> **What to work on**
Below are records. Return each one exactly as written.

> **Material supplied**
━━━━━━━━━━━━━━━━━━━━━━━━━━━━━━

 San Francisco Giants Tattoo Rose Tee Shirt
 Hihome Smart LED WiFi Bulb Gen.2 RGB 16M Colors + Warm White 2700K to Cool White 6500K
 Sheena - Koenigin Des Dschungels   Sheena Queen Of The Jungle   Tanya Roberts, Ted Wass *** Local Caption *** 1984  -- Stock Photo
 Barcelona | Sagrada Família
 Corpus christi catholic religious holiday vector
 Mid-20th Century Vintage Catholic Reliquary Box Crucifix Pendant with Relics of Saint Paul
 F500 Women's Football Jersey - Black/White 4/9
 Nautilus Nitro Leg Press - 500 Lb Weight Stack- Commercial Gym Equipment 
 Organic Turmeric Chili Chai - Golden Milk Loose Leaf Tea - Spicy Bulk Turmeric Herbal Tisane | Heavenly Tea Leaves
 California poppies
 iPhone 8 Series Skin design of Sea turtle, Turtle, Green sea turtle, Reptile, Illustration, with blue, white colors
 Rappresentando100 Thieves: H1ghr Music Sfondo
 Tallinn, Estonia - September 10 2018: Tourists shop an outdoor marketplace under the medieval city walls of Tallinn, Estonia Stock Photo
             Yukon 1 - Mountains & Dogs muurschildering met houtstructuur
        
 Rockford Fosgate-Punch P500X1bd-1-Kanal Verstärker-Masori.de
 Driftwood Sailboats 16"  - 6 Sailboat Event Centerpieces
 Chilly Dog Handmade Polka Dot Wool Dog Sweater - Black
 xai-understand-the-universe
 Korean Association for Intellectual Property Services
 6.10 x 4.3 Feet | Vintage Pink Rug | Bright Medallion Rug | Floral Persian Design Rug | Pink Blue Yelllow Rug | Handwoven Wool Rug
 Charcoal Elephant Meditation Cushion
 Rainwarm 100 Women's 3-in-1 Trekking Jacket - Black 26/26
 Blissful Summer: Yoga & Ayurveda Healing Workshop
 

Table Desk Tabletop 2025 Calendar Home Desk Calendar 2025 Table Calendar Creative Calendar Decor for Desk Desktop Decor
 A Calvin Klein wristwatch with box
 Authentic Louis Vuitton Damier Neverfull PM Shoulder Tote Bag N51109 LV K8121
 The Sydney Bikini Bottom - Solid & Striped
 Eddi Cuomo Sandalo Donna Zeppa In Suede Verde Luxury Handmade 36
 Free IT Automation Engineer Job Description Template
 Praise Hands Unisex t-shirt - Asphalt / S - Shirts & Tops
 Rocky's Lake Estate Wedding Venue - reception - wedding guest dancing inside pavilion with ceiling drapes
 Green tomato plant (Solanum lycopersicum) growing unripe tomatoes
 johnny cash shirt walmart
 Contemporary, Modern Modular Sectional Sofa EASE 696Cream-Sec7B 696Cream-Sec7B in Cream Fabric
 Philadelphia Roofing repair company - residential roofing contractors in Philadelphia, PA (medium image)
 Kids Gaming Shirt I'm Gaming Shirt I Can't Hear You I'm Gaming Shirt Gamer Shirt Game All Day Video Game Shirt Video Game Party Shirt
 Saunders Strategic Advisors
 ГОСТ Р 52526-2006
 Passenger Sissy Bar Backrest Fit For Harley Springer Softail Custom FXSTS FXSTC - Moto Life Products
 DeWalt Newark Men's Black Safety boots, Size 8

━━━━━━━━━━━━━━━━━━━━━━━━━━━━━━

> **Problem solution**
 San Francisco Giants Tattoo Rose Tee Shirt
 Hihome Smart LED WiFi Bulb Gen.2 RGB 16M Colors + Warm White 2700K to Cool White 6500K
 Sheena - Koenigin Des Dschungels   Sheena Queen Of The Jungle   Tanya Roberts, Ted Wass *** Local Caption *** 1984  -- Stock Photo
 Barcelona | Sagrada Família
 Corpus christi catholic religious holiday vector
 Mid-20th Century Vintage Catholic Reliquary Box Crucifix Pendant with Relics of Saint Paul
 F500 Women's Football Jersey - Black/White 4/9
 Nautilus Nitro Leg Press - 500 Lb Weight Stack- Commercial Gym Equipment 
 Organic Turmeric Chili Chai - Golden Milk Loose Leaf Tea - Spicy Bulk Turmeric Herbal Tisane | Heavenly Tea Leaves
 California poppies
 iPhone 8 Series Skin design of Sea turtle, Turtle, Green sea turtle, Reptile, Illustration, with blue, white colors
 Rappresentando100 Thieves: H1ghr Music Sfondo
 Tallinn, Estonia - September 10 2018: Tourists shop an outdoor marketplace under the medieval city walls of Tallinn, Estonia Stock Photo
             Yukon 1 - Mountains & Dogs muurschildering met houtstructuur
        
 Rockford Fosgate-Punch P500X1bd-1-Kanal Verstärker-Masori.de
 Driftwood Sailboats 16"  - 6 Sailboat Event Centerpieces
 Chilly Dog Handmade Polka Dot Wool Dog Sweater - Black
 xai-understand-the-universe
 Korean Association for Intellectual Property Services
 6.10 x 4.3 Feet | Vintage Pink Rug | Bright Medallion Rug | Floral Persian Design Rug | Pink Blue Yelllow Rug | Handwoven Wool Rug
 Charcoal Elephant Meditation Cushion
 Rainwarm 100 Women's 3-in-1 Trekking Jacket - Black 26/26
 Blissful Summer: Yoga & Ayurveda Healing Workshop
 

Table Desk Tabletop 2025 Calendar Home Desk Calendar 2025 Table Calendar Creative Calendar Decor for Desk Desktop Decor
 A Calvin Klein wristwatch with box
 Authentic Louis Vuitton Damier Neverfull PM Shoulder Tote Bag N51109 LV K8121
 The Sydney Bikini Bottom - Solid & Striped
 Eddi Cuomo Sandalo Donna Zeppa In Suede Verde Luxury Handmade 36
 Free IT Automation Engineer Job Description Template
 Praise Hands Unisex t-shirt - Asphalt / S - Shirts & Tops
 Rocky's Lake Estate Wedding Venue - reception - wedding guest dancing inside pavilion with ceiling drapes
 Green tomato plant (Solanum lycopersicum) growing unripe tomatoes
 johnny cash shirt walmart
 Contemporary, Modern Modular Sectional Sofa EASE 696Cream-Sec7B 696Cream-Sec7B in Cream Fabric
 Philadelphia Roofing repair company - residential roofing contractors in Philadelphia, PA (medium image)
 Kids Gaming Shirt I'm Gaming Shirt I Can't Hear You I'm Gaming Shirt Gamer Shirt Game All Day Video Game Shirt Video Game Party Shirt
 Saunders Strategic Advisors
 ГОСТ Р 52526-2006
 Passenger Sissy Bar Backrest Fit For Harley Springer Softail Custom FXSTS FXSTC - Moto Life Products
 DeWalt Newark Men's Black Safety boots, Size 8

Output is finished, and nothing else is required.